Seems plausible to me - do we have any data on other types of functions that hit this codepath?

shafik marked an inline comment as done.Jan 28 2020, 11:30 AM
shafik added inline comments.
clang/lib/CodeGen/CGDebugInfo.cpp
3668–3672

So it was not obvious to me what other cases would this branch so I added an assert and ran check-clang and from that I saw four cases that ended up here:

GenerateCapturedStmtFunction
GenerateOpenMPCapturedStmtFunction
GenerateBlockFunction
generateDestroyHelper

It is not obvious to me we want to alter the behavior of any of the other cases.

dblaikie added inline comments.Jan 28 2020, 11:38 AM
clang/lib/CodeGen/CGDebugInfo.cpp
3668–3672

Could you show any small source examples & their corresponding DWARF & how that DWARF would change? (what names are we using, what names would we end up using/what sort of things are they naming)

shafik added a comment.EditedJan 28 2020, 3:00 PM

Example as requested, using the same code from clang/test/CodeGenCXX/debug-info-block-invocation-linkage-name.cpp the DWARF for block created in f() and passed to g() as an argument changes from:

0x00000052:   DW_TAG_subprogram
                DW_AT_low_pc	(0x0000000000000060)
                DW_AT_high_pc	(0x0000000000000089)
                DW_AT_frame_base	(DW_OP_reg6 RBP)
                DW_AT_name	("___Z1fU13block_pointerFviE_block_invoke")
                DW_AT_decl_file	("block_demangle_3.cpp")
                DW_AT_decl_line	(4)

to

0x00000056:   DW_TAG_subprogram
                DW_AT_low_pc	(0x0000000000000060)
                DW_AT_high_pc	(0x000000000000008c)
                DW_AT_frame_base	(DW_OP_reg6 RBP)
                DW_AT_linkage_name	("___Z1fU13block_pointerFviE_block_invoke")
                DW_AT_decl_file	("block_demangle_3.cpp")
                DW_AT_decl_line	(4)

With the only change being that the mangled name ___Z1fU13block_pointerFviE_block_invoke instead of ended up in DW_AT_name end up in DW_AT_linkage_name

Yeah, in general I think special casing a particular name mangling is probably not a great idea (what about in Microsoft mode with a different mangling scheme?), so I'm somewhat inclined towards doing this in general as @aprantl was suggesting.

shafik updated this revision to Diff 241508.Jan 30 2020, 10:36 AM
shafik marked 4 inline comments as done.

Address comments by not special casing the ___Z case, this requires setting both the Name and Linkage name because DWARF requires subroutines to have a DW_AT_name.

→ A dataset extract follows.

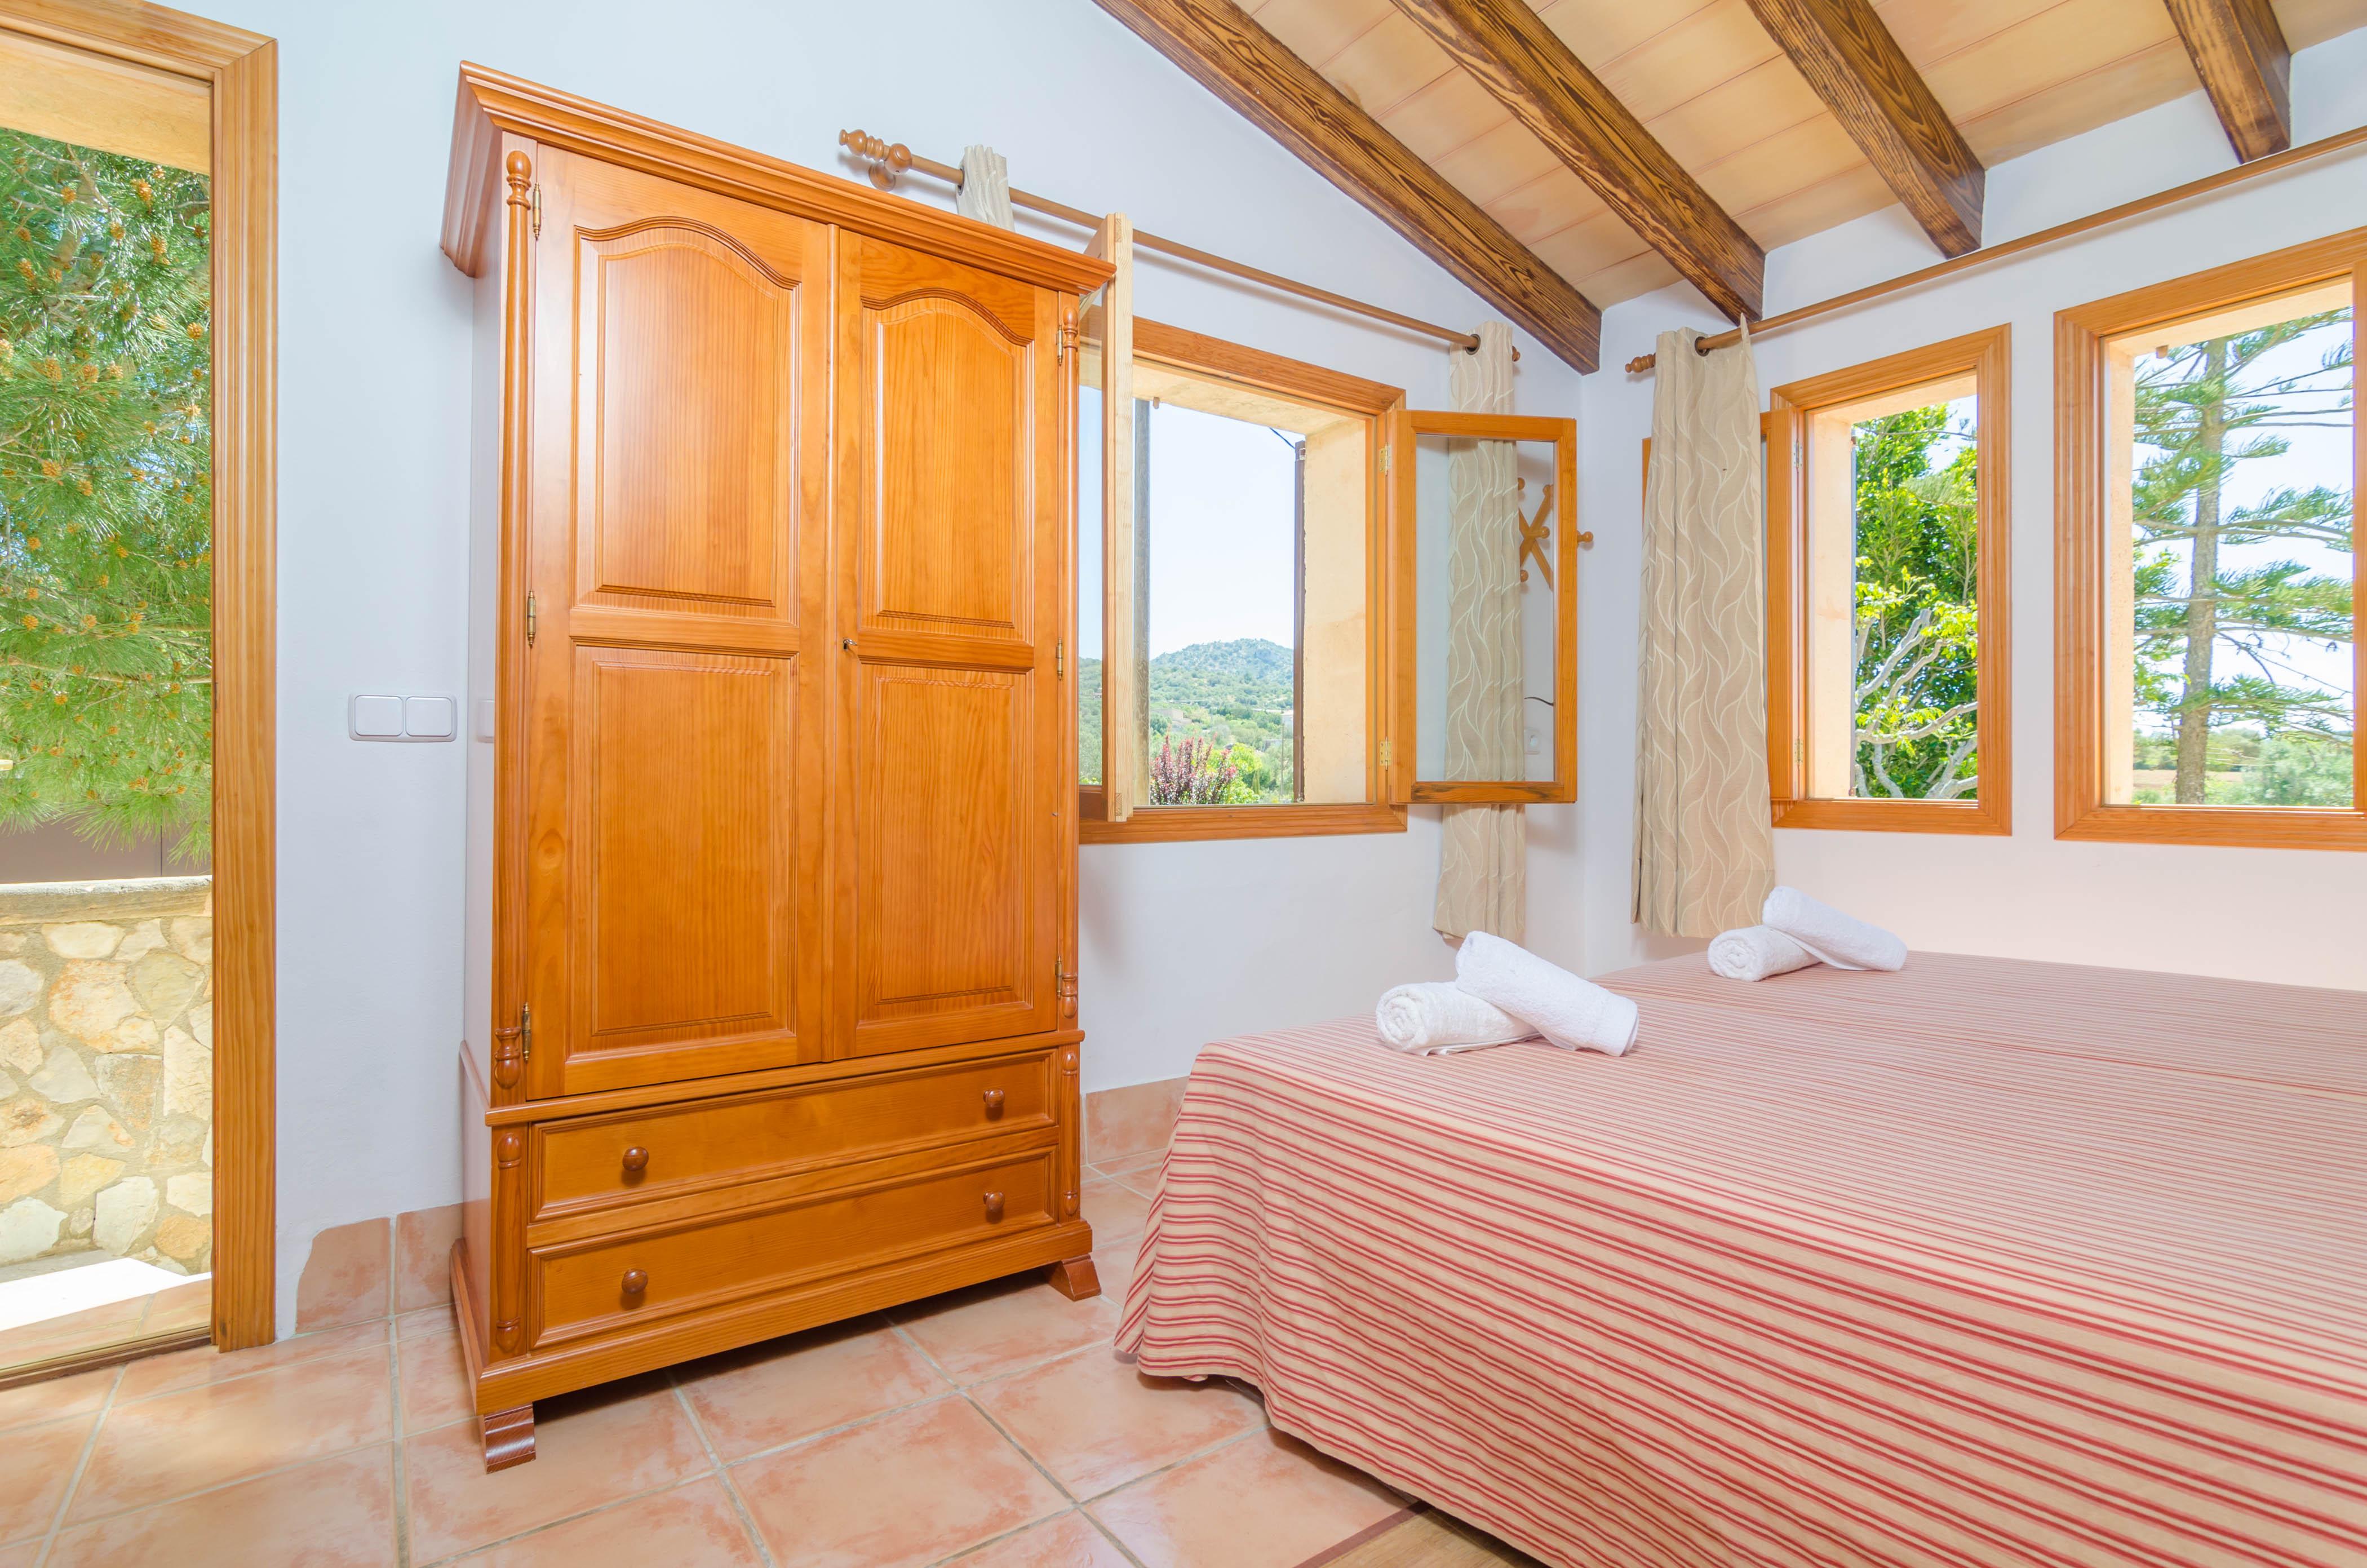 Ferienhaus SON MACIA (2186582), Son Macià, Mallorca, Balearische Inseln, Spanien, Bild 37

We discovered this when altering the code to just set the LinkageName and it broke several LLDB tests.

shafik marked an inline comment as done.Jan 30 2020, 10:39 AM
shafik added inline comments.
clang/lib/CodeGen/CGDebugInfo.cpp
3668–3672

Ok, I understand the objections to special casing like this. We ended up setting both the Name and LinkageName unconditionally in this branch because not setting the name for subroutines end up with us generating DW_TAG_subprogram without a DW_AT_name which is not valid. We discovered this when running the LLDB test suite.

dblaikie added inline comments.Jan 30 2020, 12:27 PM
clang/lib/CodeGen/CGDebugInfo.cpp
3668–3672

If we need to have a name, and these are mangled names - were they mangled /from/ something & have an unmangled name we should be using, then?

llvm-cxxfilt demangles the example/test as "invocation function for block in f(void (int) block_pointer)" - perhaps we should name this "invocation function"? & let the scope of the DIE communicate the rest of the information about this thing (like the "operator()" for a lambda is just "operator()")?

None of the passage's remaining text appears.